Apart from pictures, transcribe exactly each line from the one containing "دوره های آموزش" through the final line of the listing below.

+++ Data block

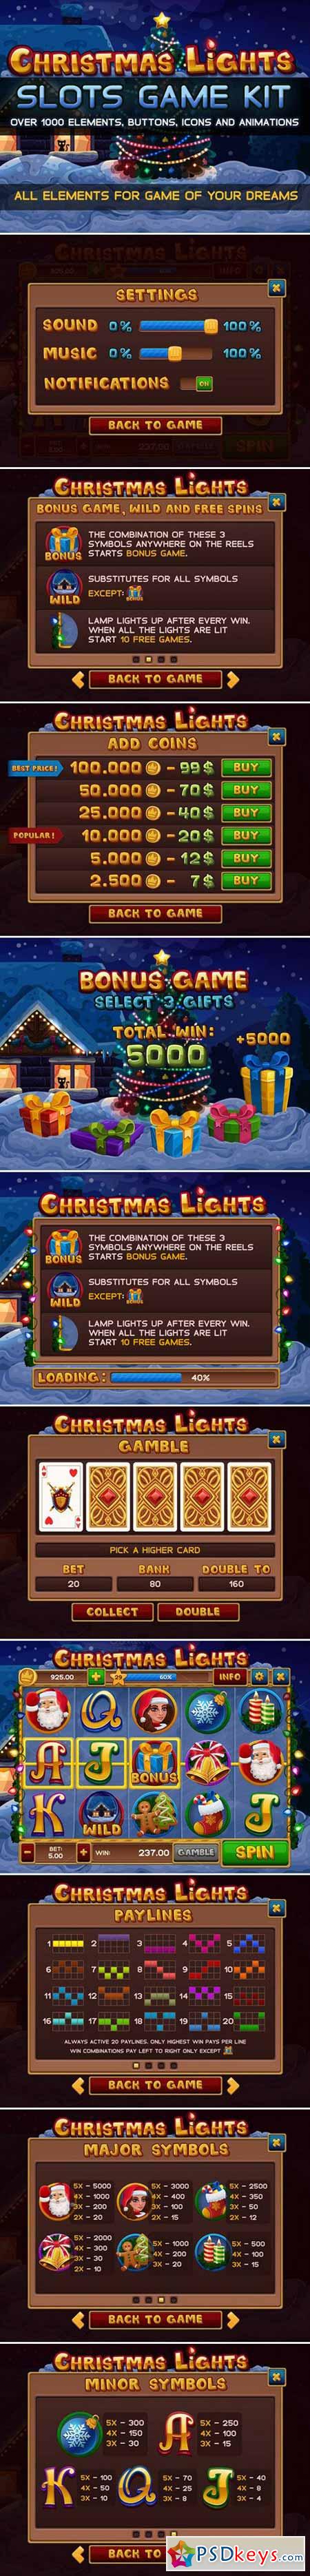 Christmas lights slots game kit 431548
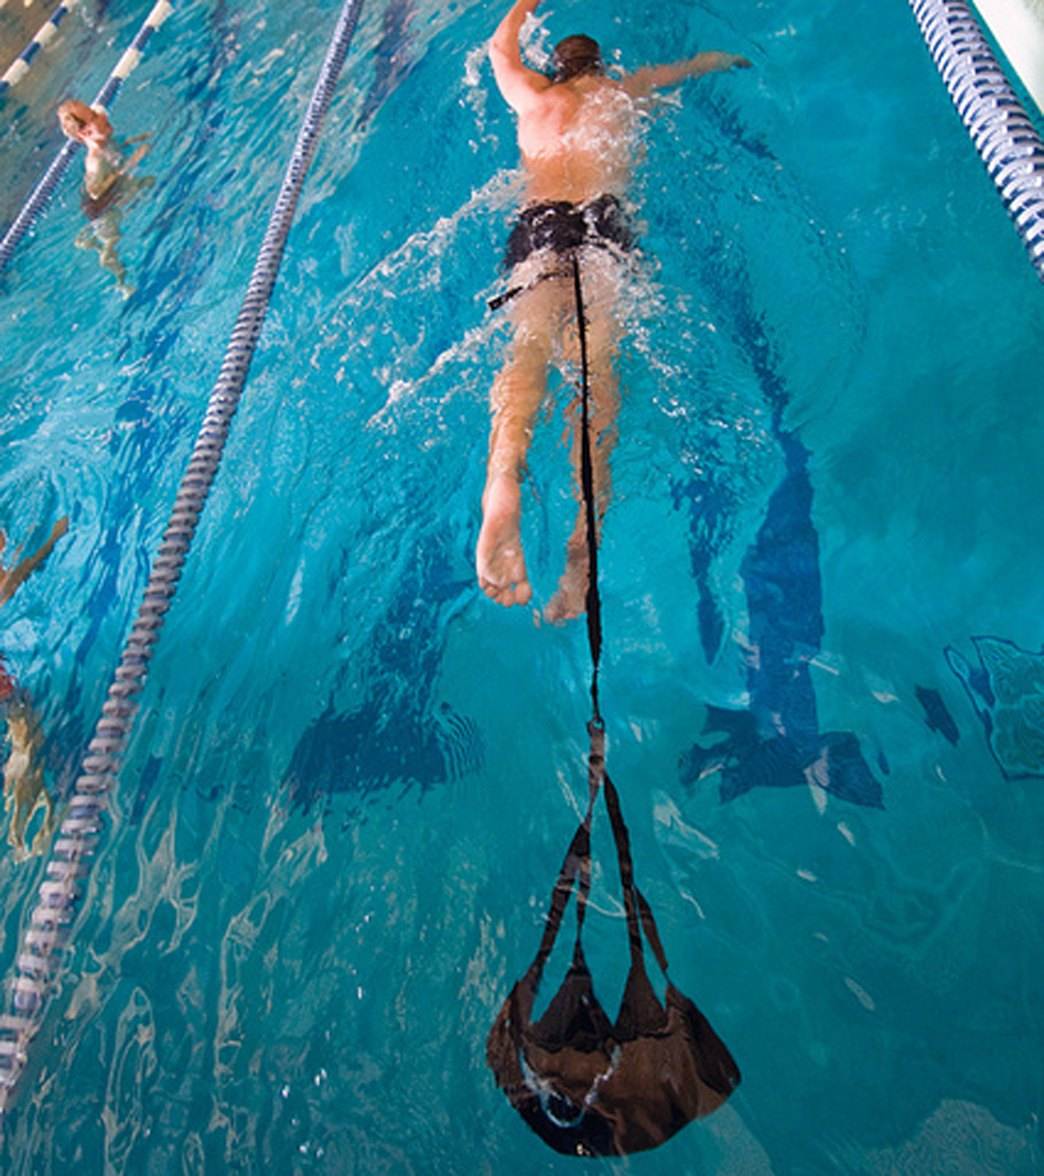 دوره های آموزش شنا در خمینی شهر - کلاس آموزش شنا - آموزش شنا بزرگسالان | آکادمی شنا خمینی شهر
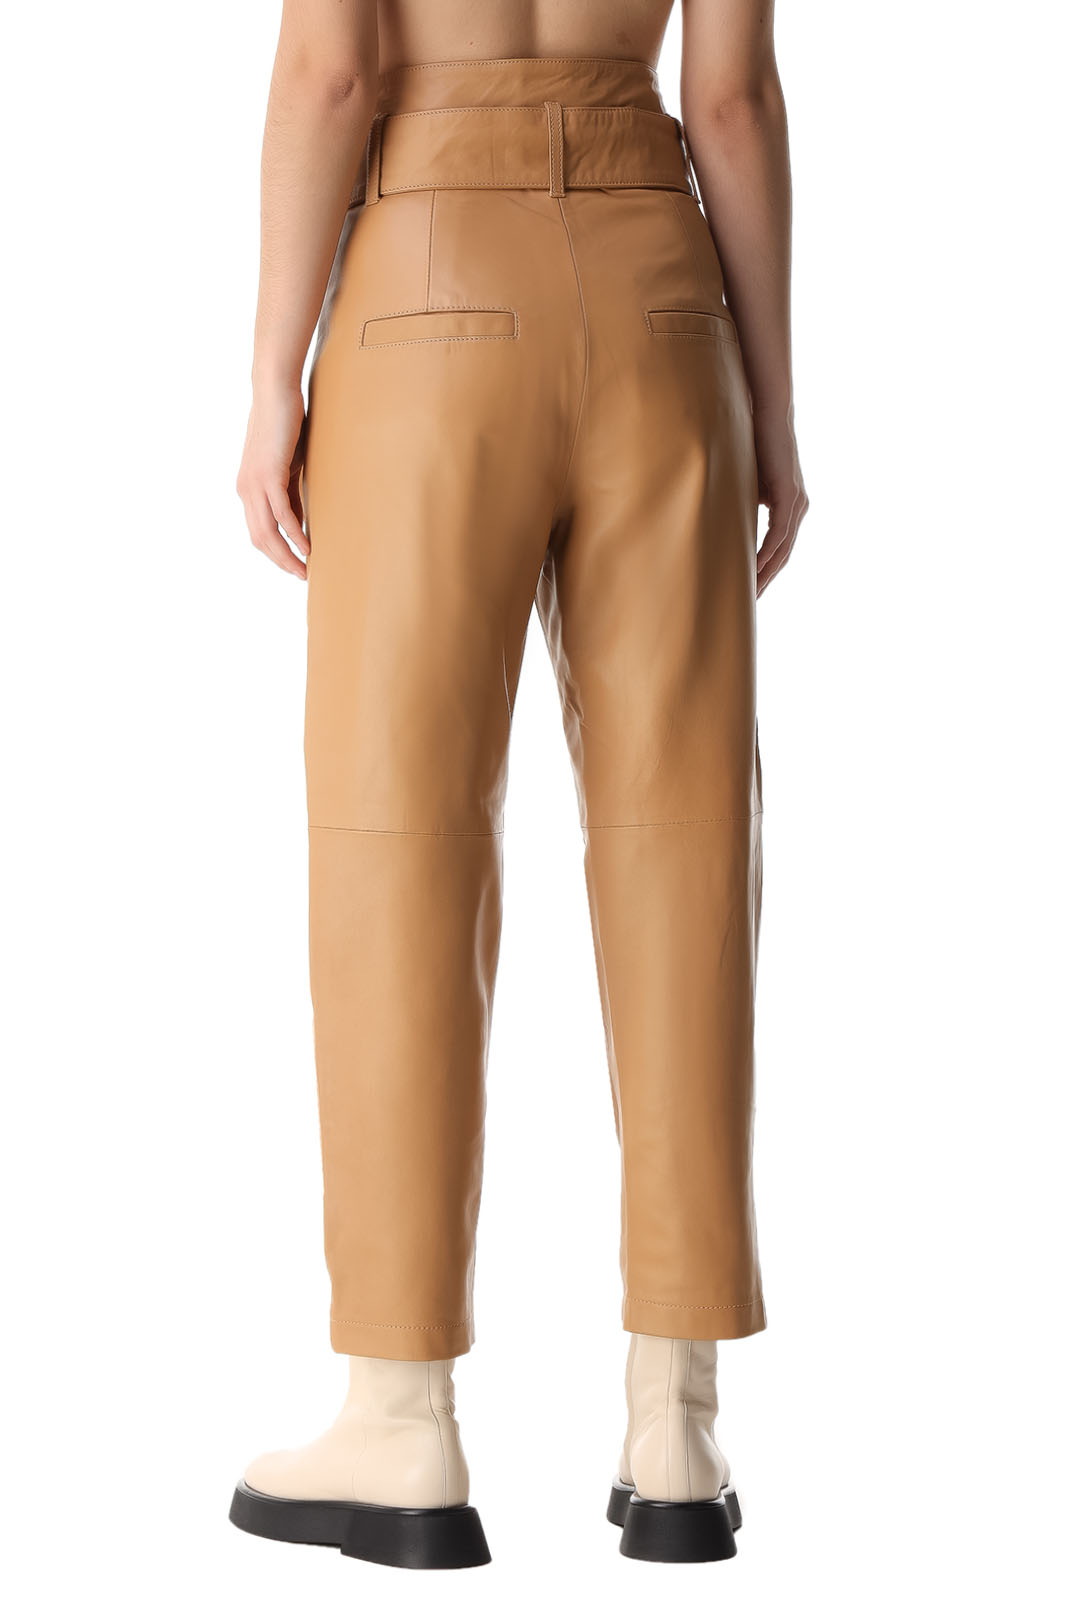 Укороченные кожаные брюки MARISSA WEBB MW21008

++++++

Answer section -
 دوره های آموزش شنا در خمینی شهر - کلاس آموزش شنا - آموزش شنا بزرگسالان | آکادمی شنا خمینی شهر
 Укороченные кожаные брюки MARISSA WEBB MW21008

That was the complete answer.